The αvß3 integrin has been shown to promote aggressive phenotypes in many types of cancers, including prostate cancer. We show that GFP-labeled αvß3 derived from cancer cells circulates in the blood and is detected in distant lesions in NOD scid gamma (NSG) mice. We, therefore, hypothesized that αvß3 travels through exosomes and tested its levels in pools of vesicles, which we designate extracellular vesicles highly enriched in exosomes (ExVs), and in exosomes isolated from the plasma of prostate cancer patients. Here, we show that the αvß3 integrin is found in patient blood exosomes purified by sucrose or iodixanol density gradients. In addition, we provide evidence that the αvß3 integrin is transferred through ExVs isolated from prostate cancer patient plasma to ß3-negative recipient cells. We also demonstrate the intracellular localization of ß3-GFP transferred via cancer cell-derived ExVs. We show that the ExVs present in plasma from prostate cancer patients contain higher levels of αvß3 and CD9 as compared to plasma ExVs from age-matched subjects who are not affected by cancer. Furthermore, using PSMA antibody-bead mediated immunocapture, we show that the αvß3 integrin is expressed in a subset of exosomes characterized by PSMA, CD9, CD63, and an epithelial-specific marker, Trop-2. Finally, we present evidence that the levels of αvß3, CD63, and CD9 remain unaltered in ExVs isolated from the blood of prostate cancer patients treated with enzalutamide. Our results suggest that detecting exosomal αvß3 integrin in prostate cancer patients could be a clinically useful and non-invasive biomarker to follow prostate cancer progression. Moreover, the ability of αvß3 integrin to be transferred from ExVs to recipient cells provides a strong rationale for further investigating the role of αvß3 integrin in the pathogenesis of prostate cancer and as a potential therapeutic target.

Exosomal αvß6 integrin is required for monocyte M2 polarization in prostate cancer.

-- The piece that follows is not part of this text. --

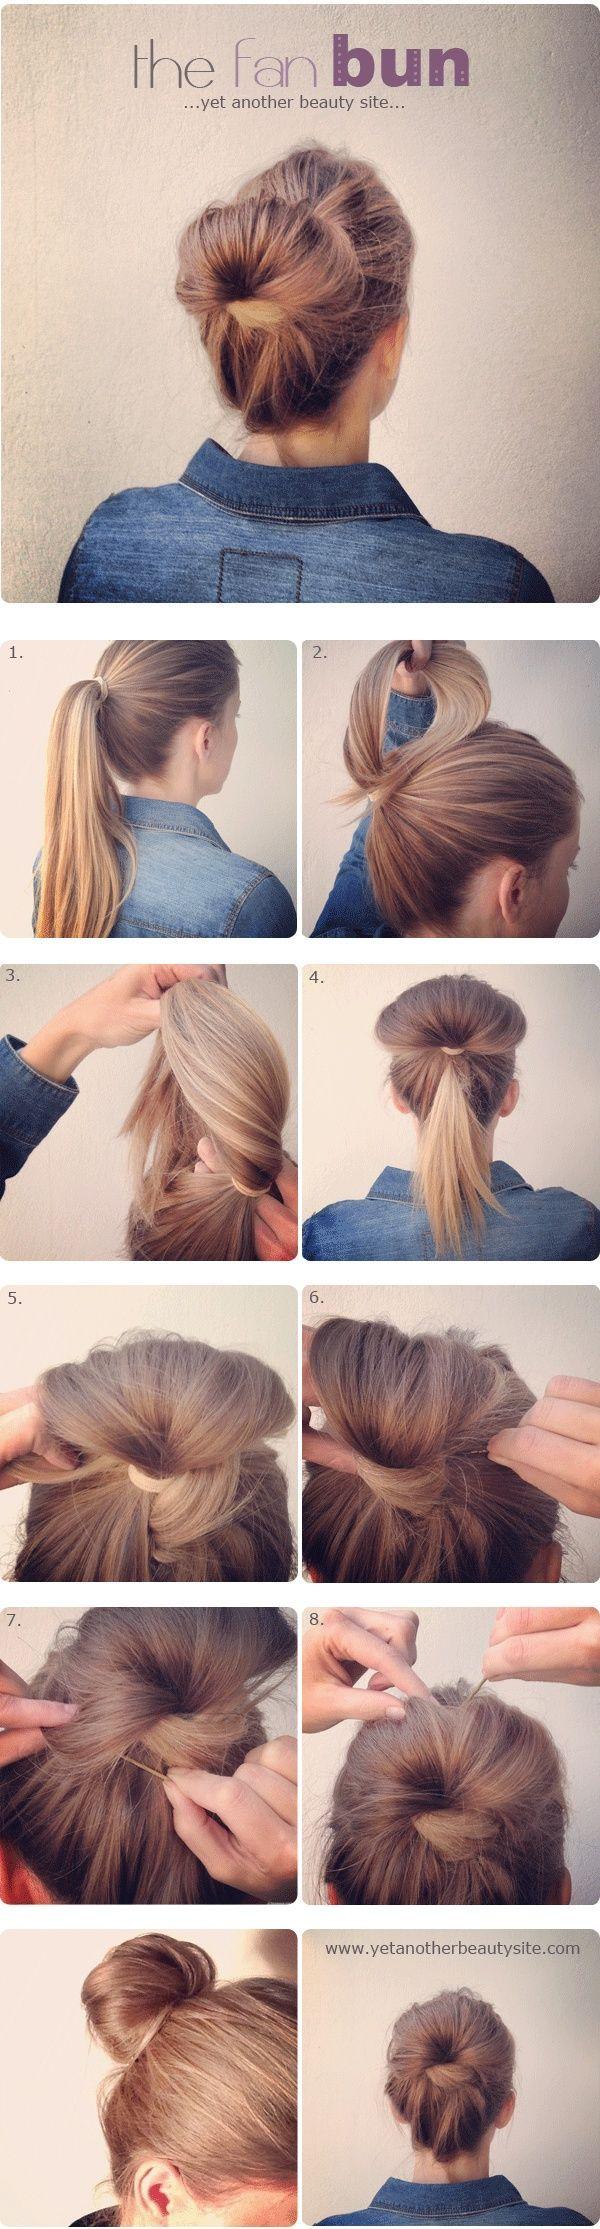 The Fan Bun Hair Style - Style Estate -

Therapeutic approaches aimed at curing prostate cancer are only partially successful given the occurrence of highly metastatic resistant phenotypes that frequently develop in response to therapies. Recently, we have described αvß6, a surface receptor of the integrin family as a novel therapeutic target for prostate cancer; this epithelial-specific molecule is an ideal target since, unlike other integrins, it is found in different types of cancer but not in normal tissues. We describe a novel αvß6-mediated signaling pathway that has profound effects on the microenvironment. We show that αvß6 is transferred from cancer cells to monocytes, including ß6-null monocytes, by exosomes and that monocytes from prostate cancer patients, but not from healthy volunteers, express αvß6. Cancer cell exosomes, purified via density gradients, promote M2 polarization, whereas αvß6 down-regulation in exosomes inhibits M2 polarization in recipient monocytes. Also, as evaluated by our proteomic analysis, αvß6 down-regulation causes a significant increase in donor cancer cells, and their exosomes, of two molecules that have a tumor suppressive role, STAT1 and MX1/2. Finally, using the Ptenpc-/- prostate cancer mouse model, which carries a prostate epithelial-specific Pten deletion, we demonstrate that αvß6 inhibition in vivo causes up-regulation of STAT1 in cancer cells. Our results provide evidence of a novel mechanism that regulates M2 polarization and prostate cancer progression through transfer of αvß6 from cancer cells to monocytes through exosomes.